The EVO formula showed the highest accuracy in both the long and normal AL groups. Similarly, the previous study by Shammas et al. also demonstrated that EVO was one of the formulas with the lowest MAE (0.29 D) in the group with AL > 24.5 mm when using the ARGOS [7]. However, in the group with AL > 25.0 mm, BUII and Kane had a lower MAE of 0.27 D, followed by EVO (0.28 D) [7]. Since a difference in the definition of high myopia was noted, it is difficult to make a direct comparison from our study. However, the good refractive outcomes of the EVO formula are comparable with our results. As shown on its homepage (EVO Version 2.0), the EVO formula can be adjusted for measurements based on the ARGOS biometer, which may lead to higher accuracy as compared to other formulas in this study, although the A constant between the traditional optical biometry and the ARGOS may be interchangeable. In the future, it will be necessary to compare the accuracy with the PEARL-DGS or BTAL formulas as well.

To date, most studies on the accuracy of recent IOL formulas, including EVO, have been based on conventional optical biometers, such as PCI- or SS-OCT-based IOL Masters. Among normal eyes, EVO, BUII, and Kane showed the highest accuracy when using different biometers [28,29,30]. EVO was also the most accurate in long eyes [24,29,31,32]. Even in extremely long AL ≥ 30 mm, EVO still showed the highest accuracy [33]. Regardless of the type of optical biometer used, it is evident that EVO relatively exhibited the highest accuracy when compared to other formulas. Meanwhile, Omoto et al. showed that the Kane formula had excellent prediction accuracy in long eyes [34]. Darcy et al. also reported its superiority, which had the lowest MAE as compared with other modern formulas in long eyes [35]. However, in this study, the results of the Kane formula were not as good as expected; the MAEs were higher in the long AL group compared to in other studies. This may have been likely due to the difference in the measurement principles of the optical biometer and the relatively smaller sample size in our study. Therefore, for a more accurate comparison with other studies, further research with a larger sample size is needed.

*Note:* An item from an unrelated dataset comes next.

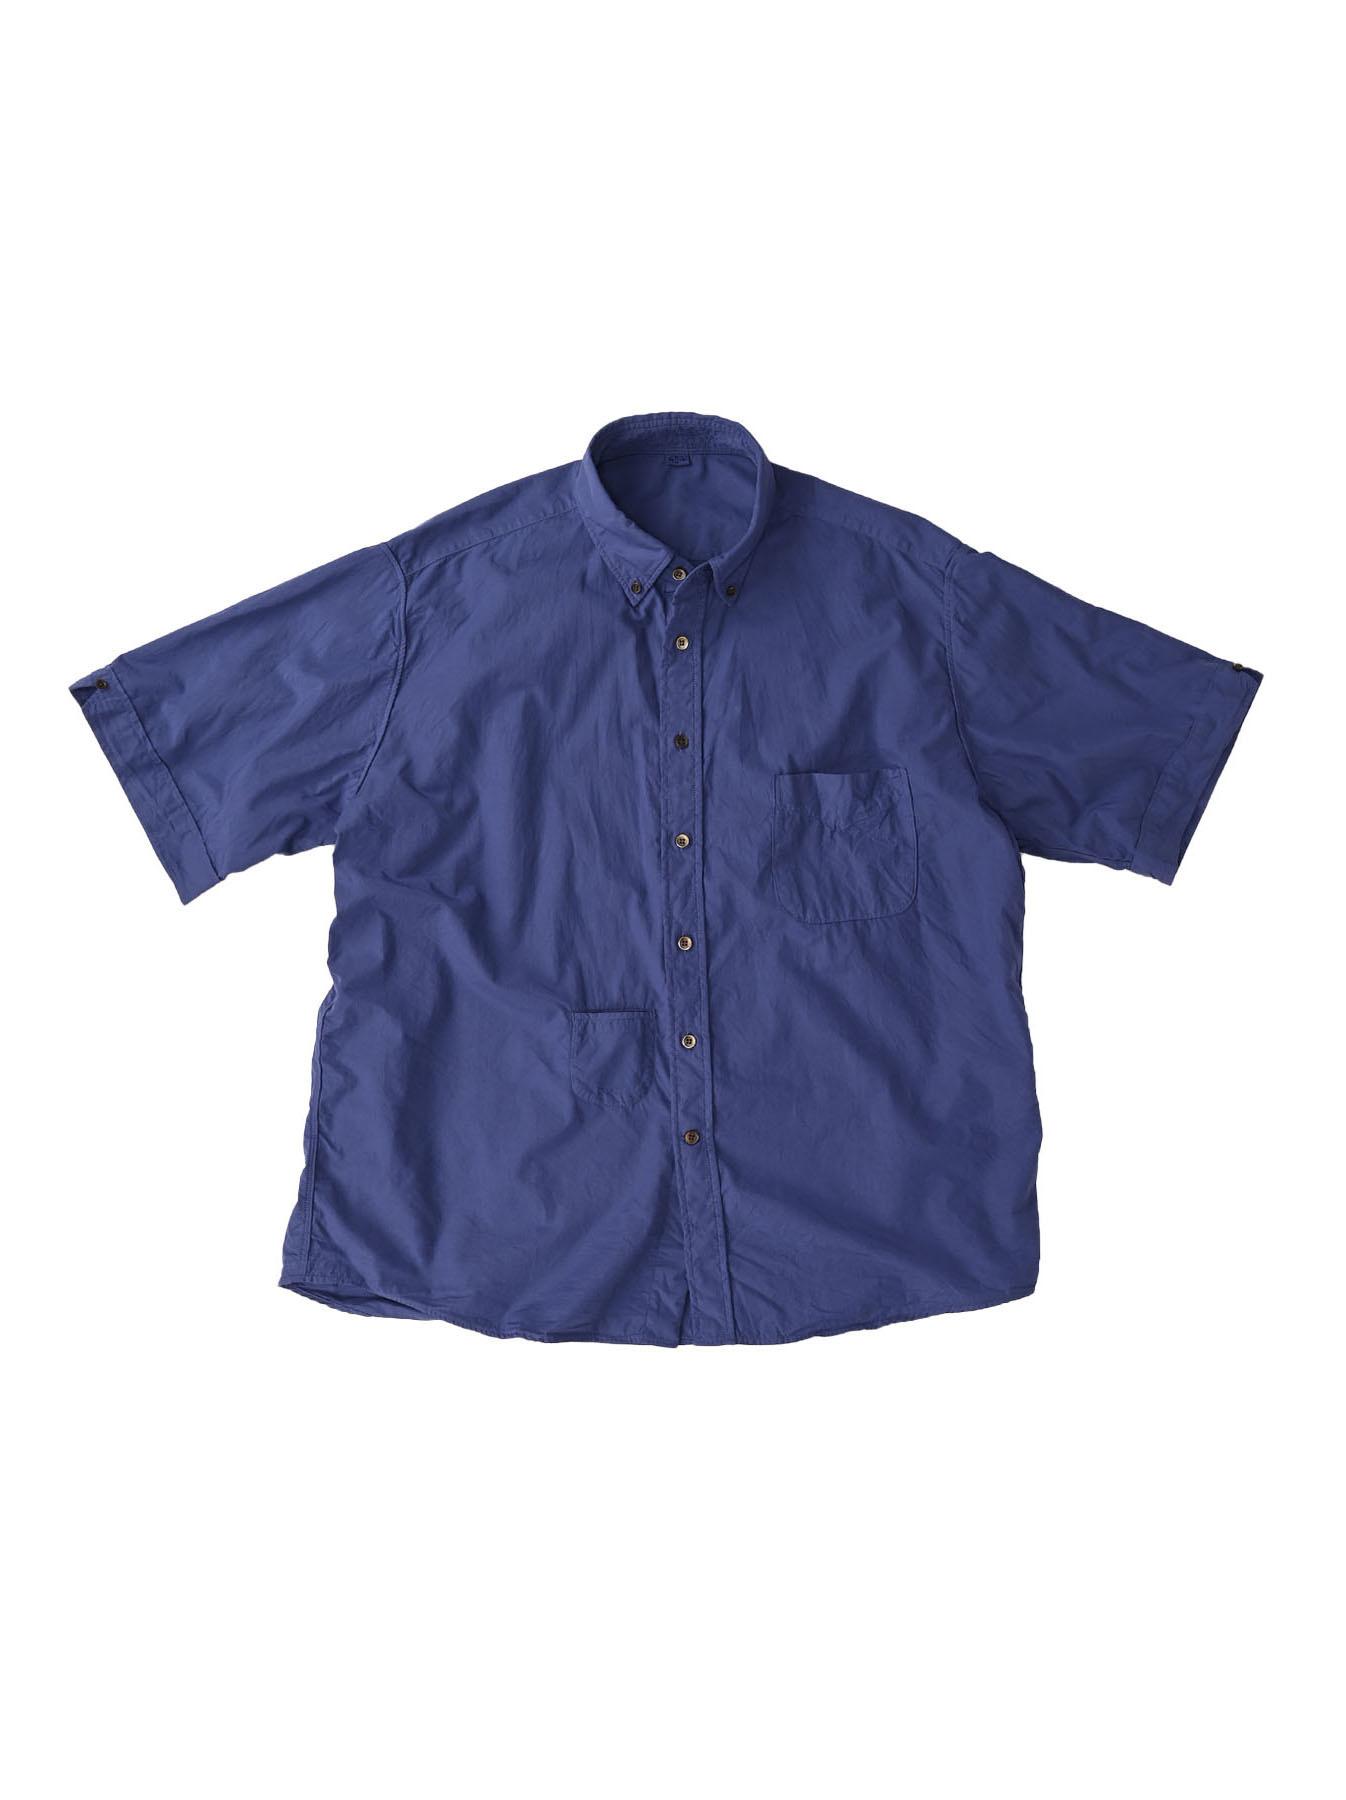 Damp Cotton Anuenue Ocean Shirt (0621)-4

This study had several limitations. First, we included a relatively small number of eyes, particularly in the long AL group. Only one eye with extremely high myopia, defined as AL > 30 mm, was included in this study, thereby suggesting the need for a larger sample size in future research. It may also be necessary to analyze groups with extremely high myopia and high myopia separately. In addition, we did not account for the myopic cone or effective diopter value of high myopia in this study. The primary focus was on axial length as the key parameter influencing the accuracy of IOL power formulas. However, as the changes in refractive power and the presence of a myopic cone may potentially impact the measurements and outcomes, further research that includes those factors will be necessary for a more comprehensive evaluation. Second, since Yeo and Barrett found that slightly better results were achieved without ACD measurements using PCI, we plan to include the outcomes of the EVO or BUII formulas without ACD measurements using the ARGOS in a future study [36]. Furthermore, a comparison of accuracy with other recently introduced IOL formulas, such as the Hill-RBF, K6, BTAL, PEARL-DGS, and Ladas Super formulas, would be needed. However, this study remains meaningful, as it is the first to demonstrate the superiority of the EVO formula in both normal and high myopic eyes using the ARGOS.

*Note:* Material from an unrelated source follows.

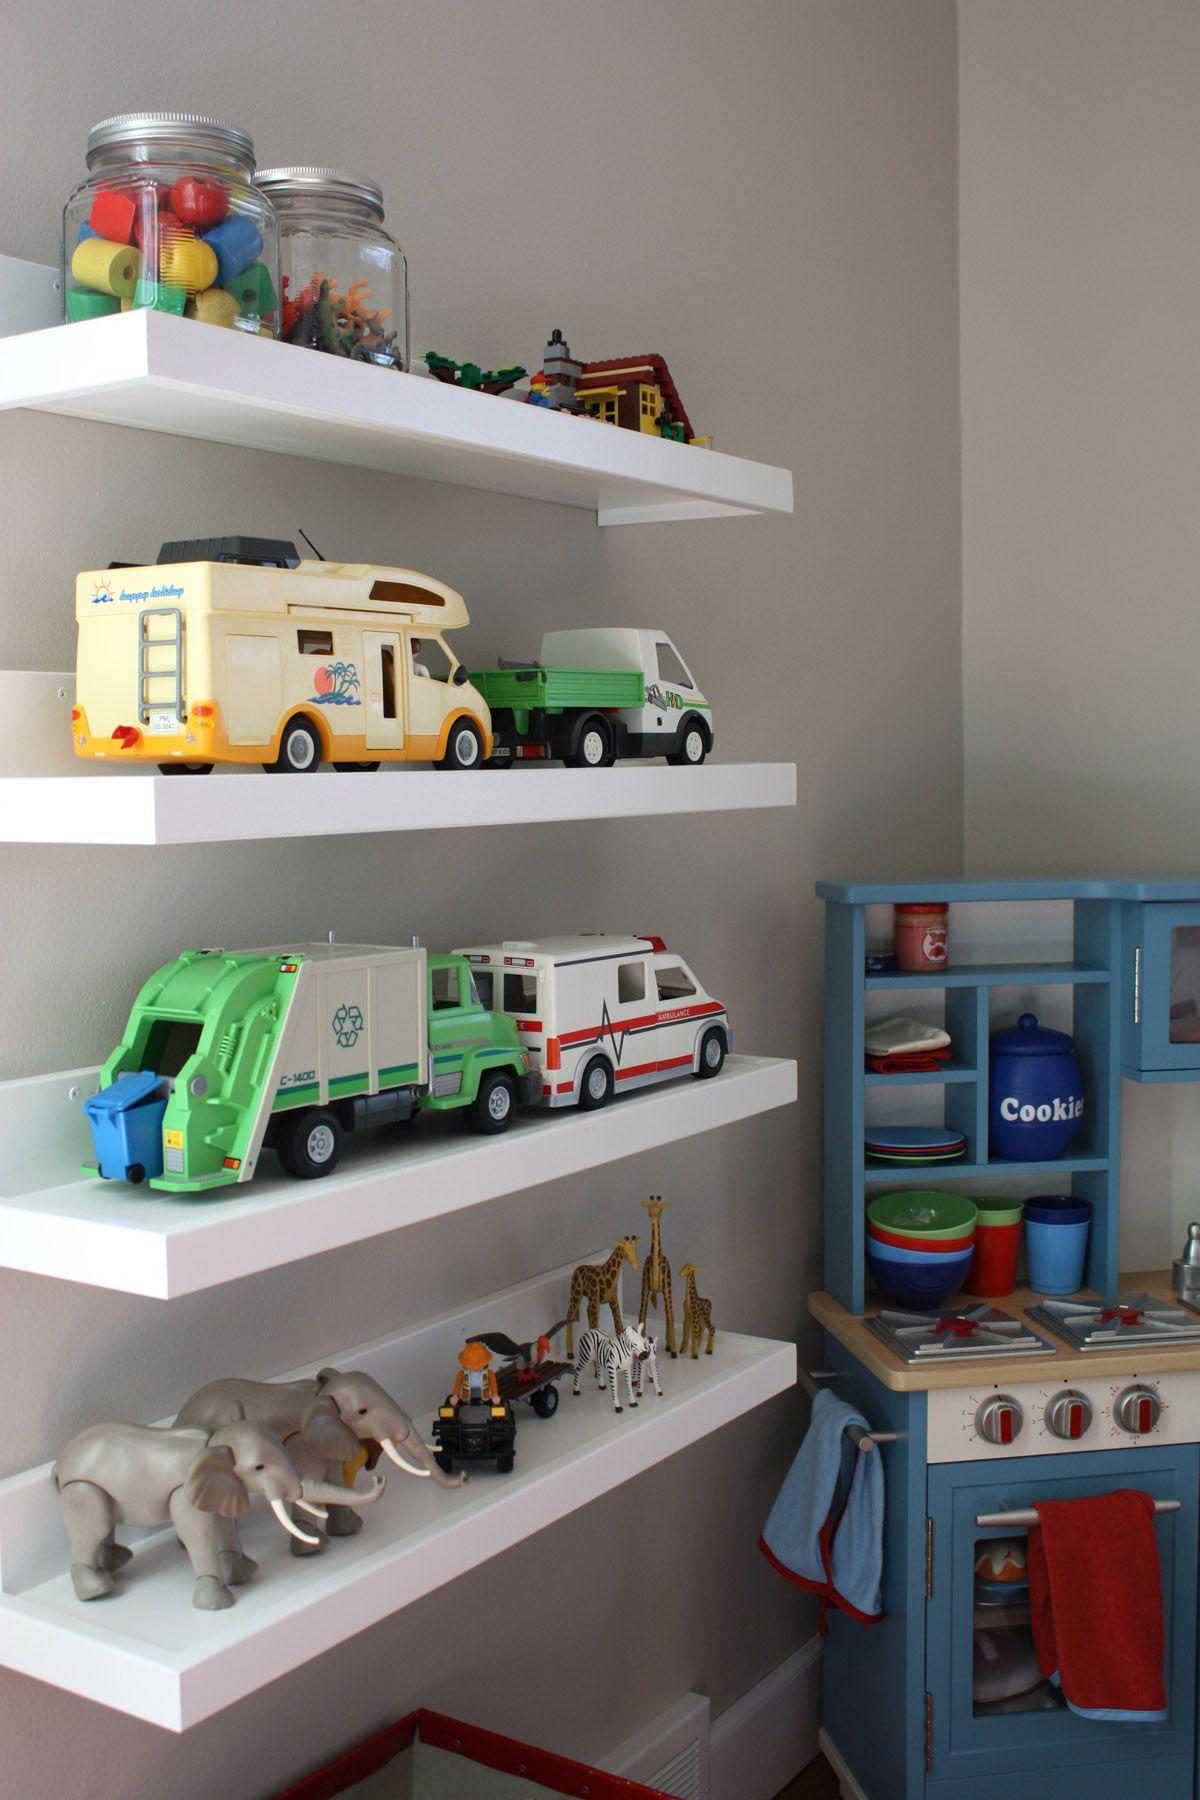 Playmobil vehicle shelving playmobil pinterest - Rangement pour playmobil ...

In conclusion, when using the ARGOS, which measures AL more accurately by considering the specific refractive index of each eye segment based on SS-OCT, the EVO formula had the lowest MAE and MedAE, along with the highest proportion of eyes within ±0.25 D, ±0.50 D, ±0.75 D, and ±1.00 D of the predicted target in both the normal and long AL groups. These findings suggest that the EVO formula offers excellent accuracy, making it a reliable choice for IOL power prediction over a wide range of axial lengths, particularly when employing advanced biometry that uses the specific refractive indices.